Data and information are great, but when there’s too much, they can overwhelm an audience. Information needs to be grouped, chunked and organized into logical sections. It cannot be served up as a running narrative, where the presenter strings a series of data points together as if making a paper chain. The paper chain approach assumes the audience will be able to draw their own conclusions. They won’t. They’ll simply see a series of data points.

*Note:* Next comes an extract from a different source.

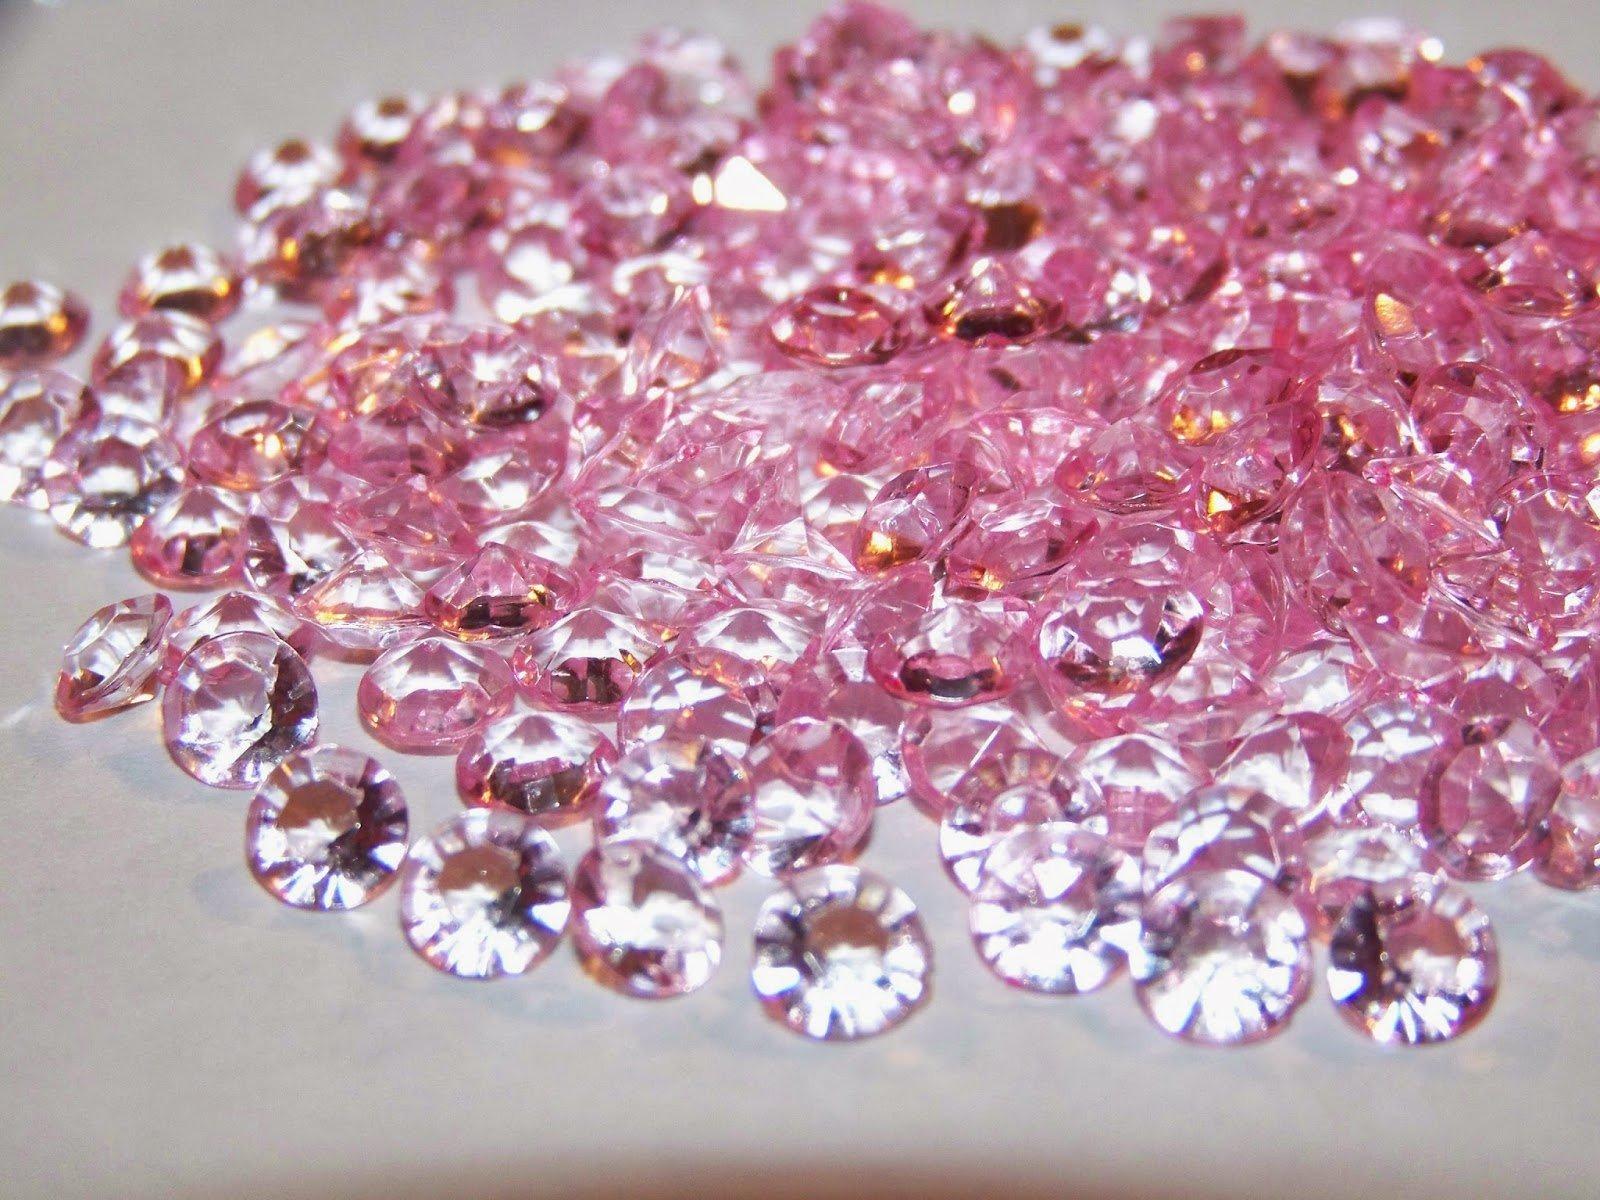 Pink Diamonds – Glitter Makes It
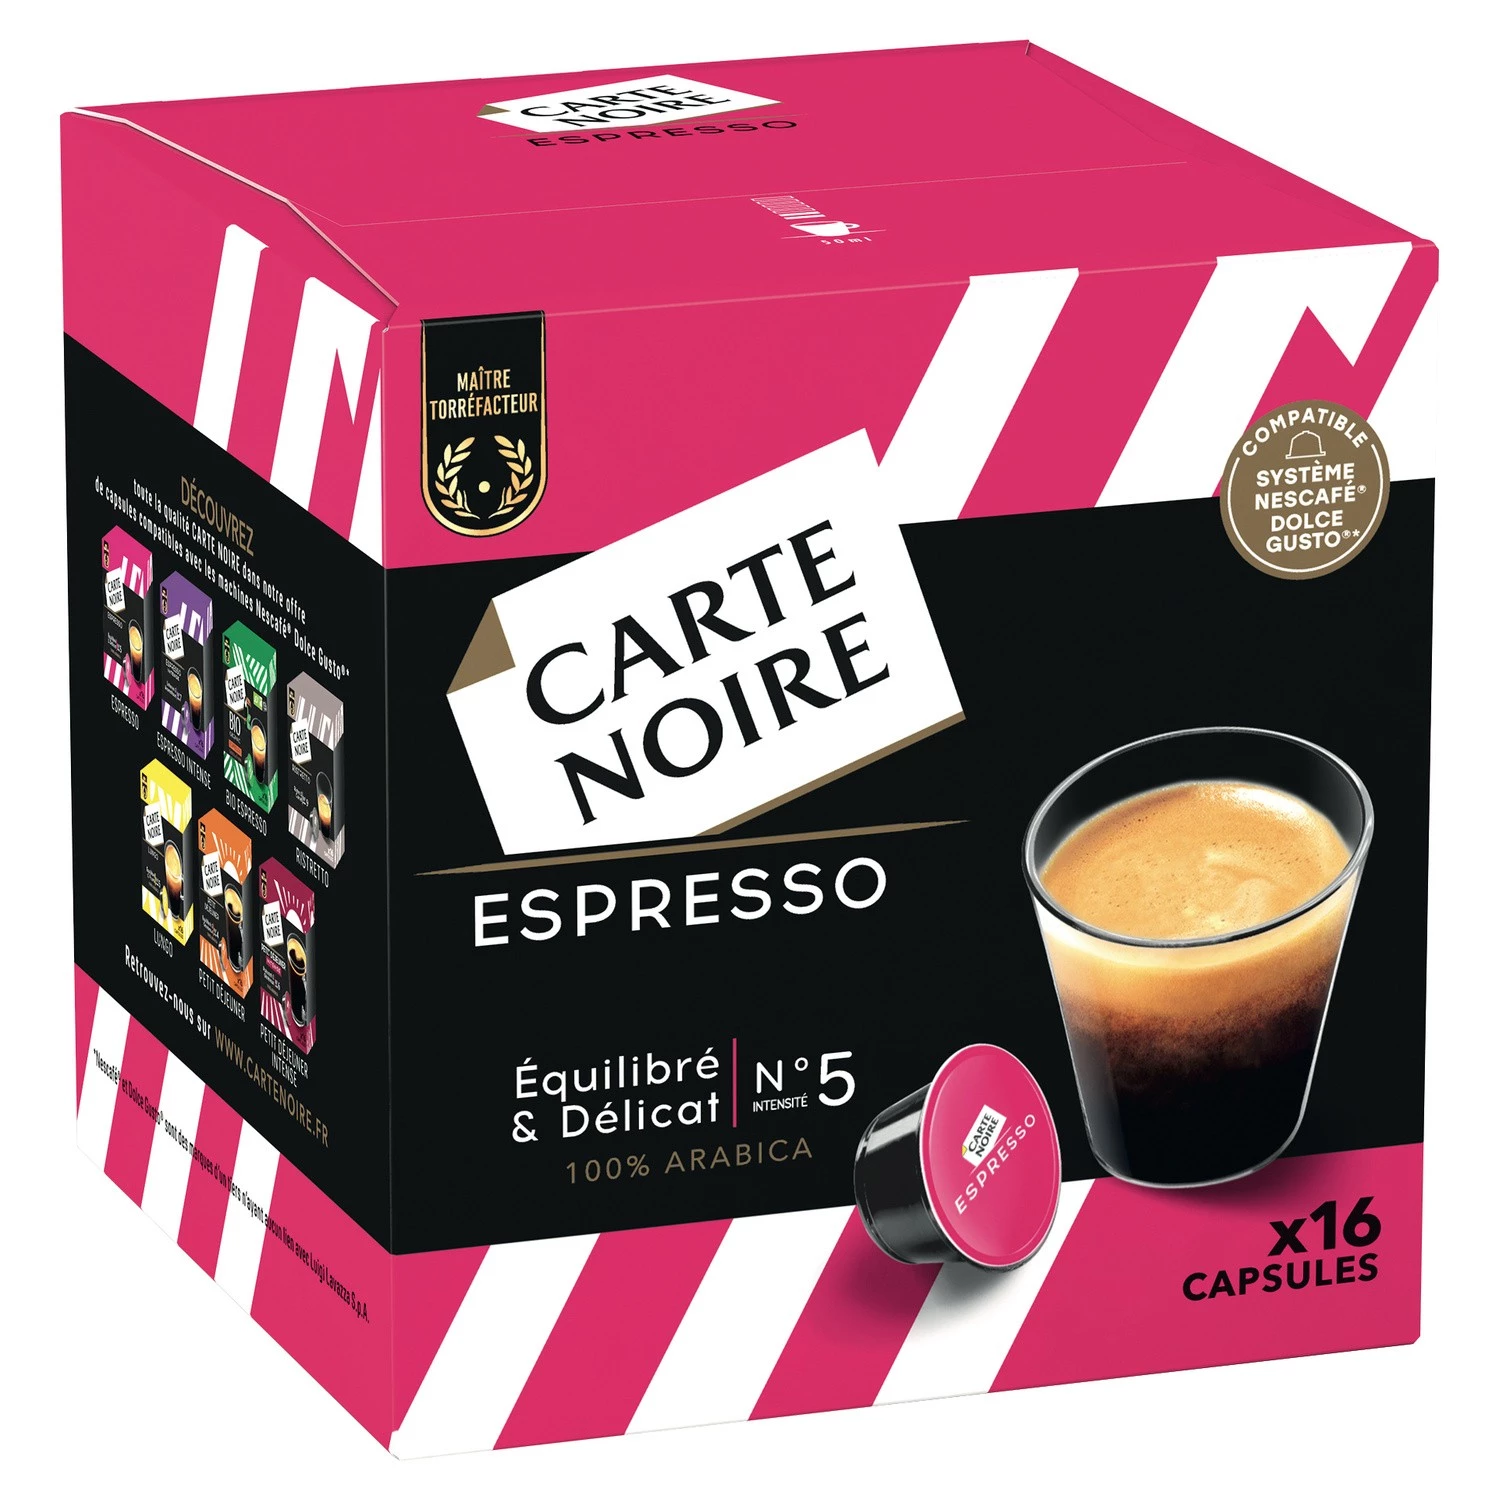 Café-espresso nr. 5 x16 capsules 128g - CARTE NOIRE

Easy remedy: Look at the data or info you need to present. There are probably logical categories or sections under which they fall. Organize your information by category or section so that it’s in support of a point, even if the point is just a summary of the importance of that grouping of information. Open and close each section with the point, offering context and meaning before they see the information and after. In other words, draw the conclusions for your audience.

Visuals

It’s become almost de rigueur to moan about PowerPoint presentations. However, most people are visual learners and need the visual reinforcement that slides provide. The issue is not PowerPoint itself, but the quality of what’s on the slides and whether or not they’re user-friendly for the audience.

We could talk all day about specifics of good visuals, but let’s address two that have the most impact and are easiest to fix:

1. Slide headings should answer why, not what (i.e., why this slide is important, why you need to see this).

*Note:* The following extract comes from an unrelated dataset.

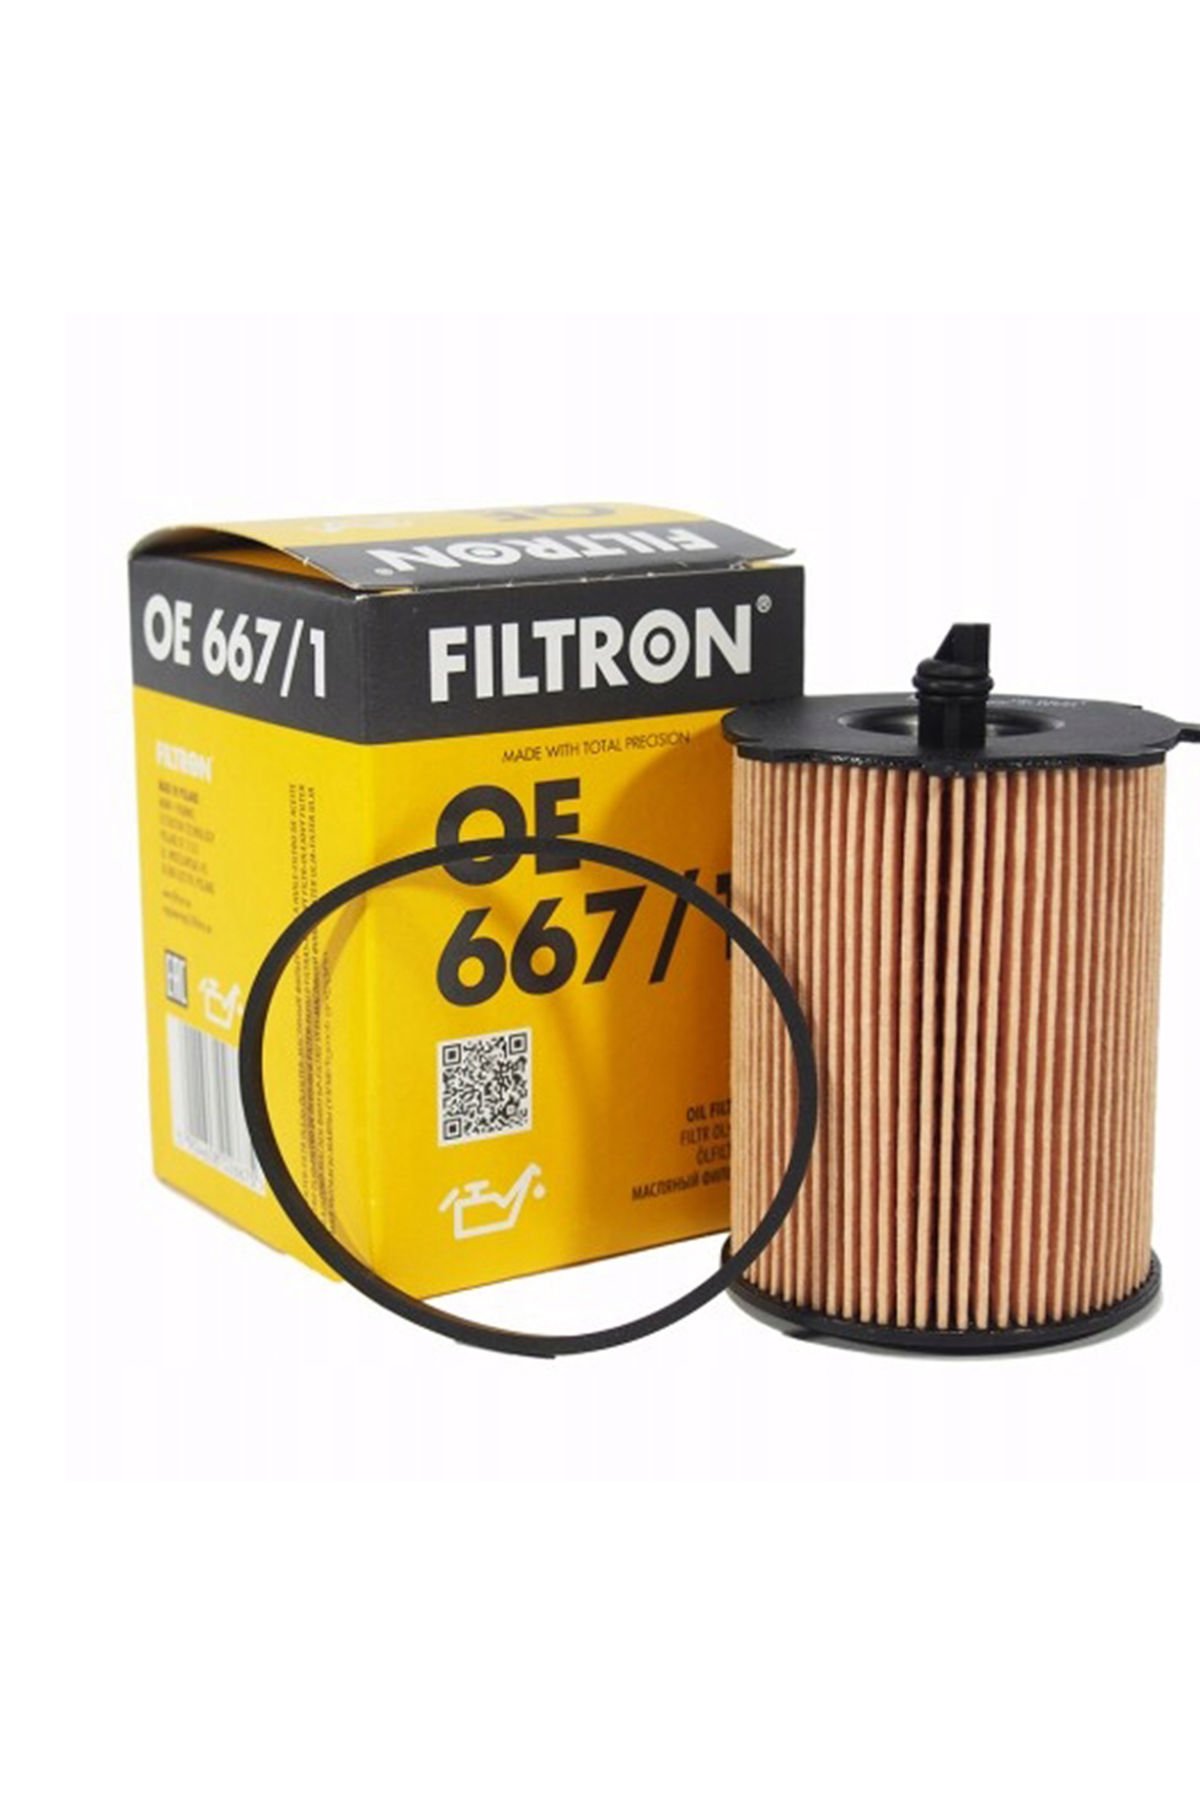 Citroen C5 1.6 HDI Dizel Yağ Filtresi 2005-2008 Filtron

To the extent possible, you want to alert your audience to the slide’s takeaway in the heading. So, for instance, rather than a revenue comparison slide that says “Year Over Year Revenue Comparison,” consider a heading that says “Revenue Increased 12% Over Last Year.”

2. Keep slides simple and clean.

Viewers prefer image slides over text slides. Make sure images such as charts and graphs are well marked and readable. Also, keep image slides free of additional text. If you’re tempted to include bullet points on a slide that already has a photo, graph or bar chart on it, think again. Those bullet points probably belong in your notes as reminders of what you want to say about the slide.

Prompts And Cues

Not all information is created equally. There is definitely a pecking order. But your audience won’t know the crucial from the cursory unless you tell them.

Give prompts and cues. Call it out and let your audience know when you’re presenting data that are vitally important or statistically significant. Likewise, let them know when the information is less essential. Guide them, tell them what they need to take notes on and what they can look at with a more casual eye. This invites your audience to be “in the know” with you and goes a long way toward preventing them from feeling overwhelmed.

I live by a “cut to the chase” ethos and am typically a huge advocate for brevity. But I’m also a realist and pragmatist. I know it’s not always possible to be brief. Some presentations are critical opportunities for the sharing of vital information that multiple people need to know. In those situations, then, presenters would do themselves and their audiences a solid to heed the advice above.